The 34-year-old New York native is second only to Angelina Jolie when it comes to blending Hollywood glamour and good causes. “This was the first time the [Chavez] family said yes,” Dawson tells The Post of the new movie, the only one that’s been made about the life of the famed labor leader and civil rights activist. “It was the right time, the right people, the right resources. Eighty percent of the financing came from Mexico.”
As does the film’s director, Diego Luna — better known as an actor who’s starred in “Y Tu Mamá También” and “Milk.” Luna’s made a decidedly un-glamorized movie about Chavez’s campaign to unionize farmworkers in California in the 1960s. Alongside Michael Peña (“Gangster Squad”) as Chavez, Dawson plays Dolores Huerta, another activist and leader who co-founded the United Farm Workers. At 83, she still runs a foundation in her name.

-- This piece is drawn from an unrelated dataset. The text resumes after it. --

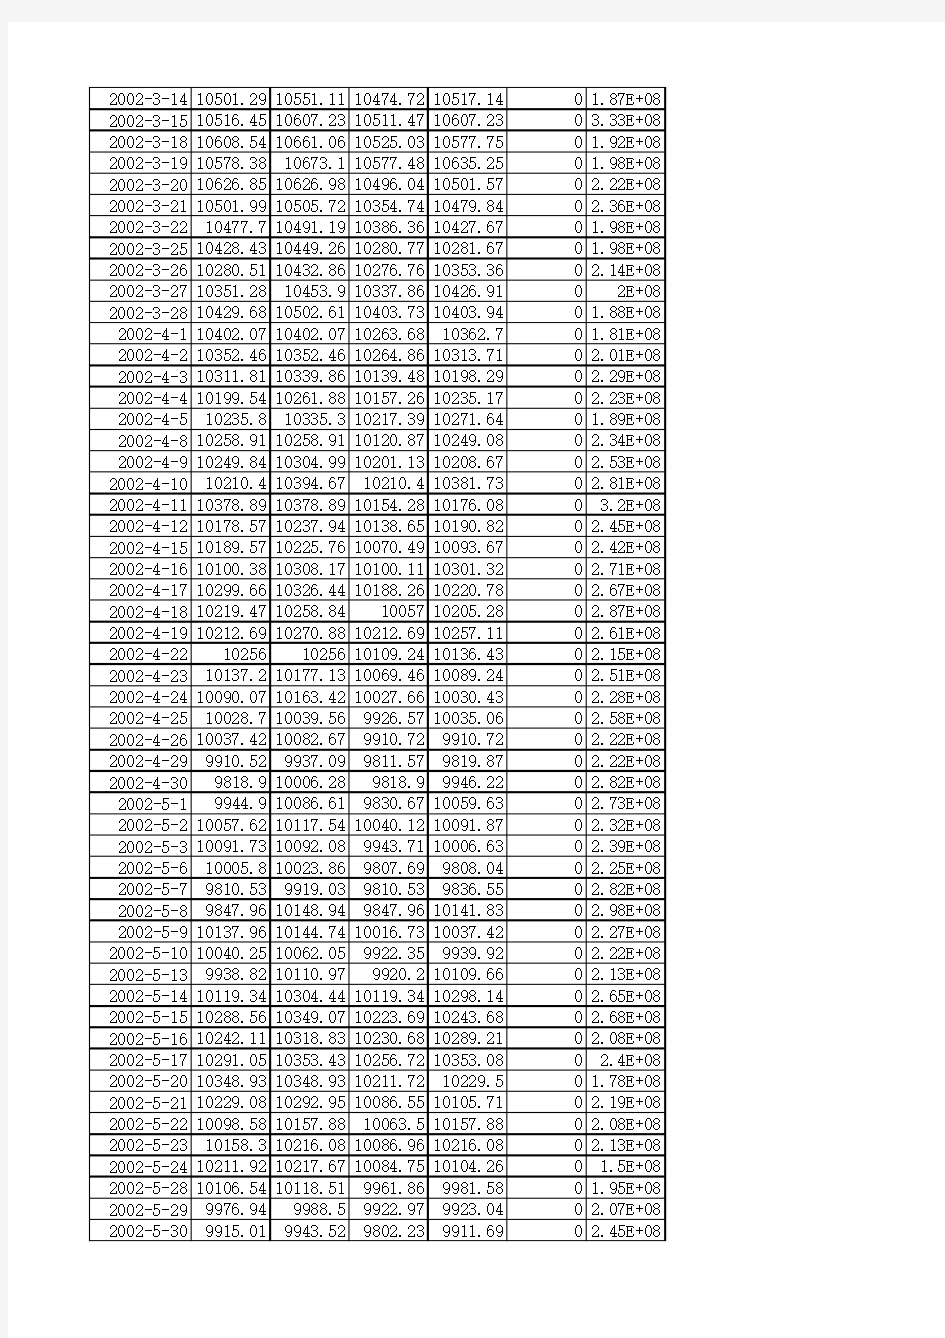 道琼斯指数2001-12-26至2015-1-16(已校对)

“I’m grateful Diego [made] sure women were credited as a huge part of the movement,” says Dawson.
Huerta, an ally of Robert F. Kennedy, also had a relationship with Chavez’s brother. But the movie never delves into romance. “I think there was a conscious decision not to get too into that,” says Dawson, whose own love life has included British director Danny Boyle, in whose movie “Trance” she starred in 2013 (they broke up last year, too). “This was not the film to get into all of those details.”
Dawson, who was discovered on her stoop at the age of 15 by filmmaker Larry Clark, made a splash in his edgy film “Kids” and subsequent movies including “Rent” and “Sin City.” But she’s always kept firmly in mind where she came from: “I grew up in a squat on the Lower East Side,” she says, “when the city was very poor. It’s been interesting to see it swing the other way, but I think it’s time to see it swing back . . . the discrepancy between the classes has never been greater.”
She now splits her time between LA and London but is watching our new mayor with an optimistic eye. “I’m hopeful [Bill] de Blasio will fulfill his promises,” says Dawson, who’s been a campaigner for the Lower Eastside Girls Club, which recently moved into new headquarters with her fundraising help. “The Girls Club was homeless for a lot of years,” she says. “To be able to create a space in that community — when girls are in such crisis — is really exciting.”
She may not be a New Yorker at the moment, but Dawson says she can’t entirely let go. “I still keep my 917 [cellphone] number,” she says. “God forbid I come back and have to take a 347 or a 646!”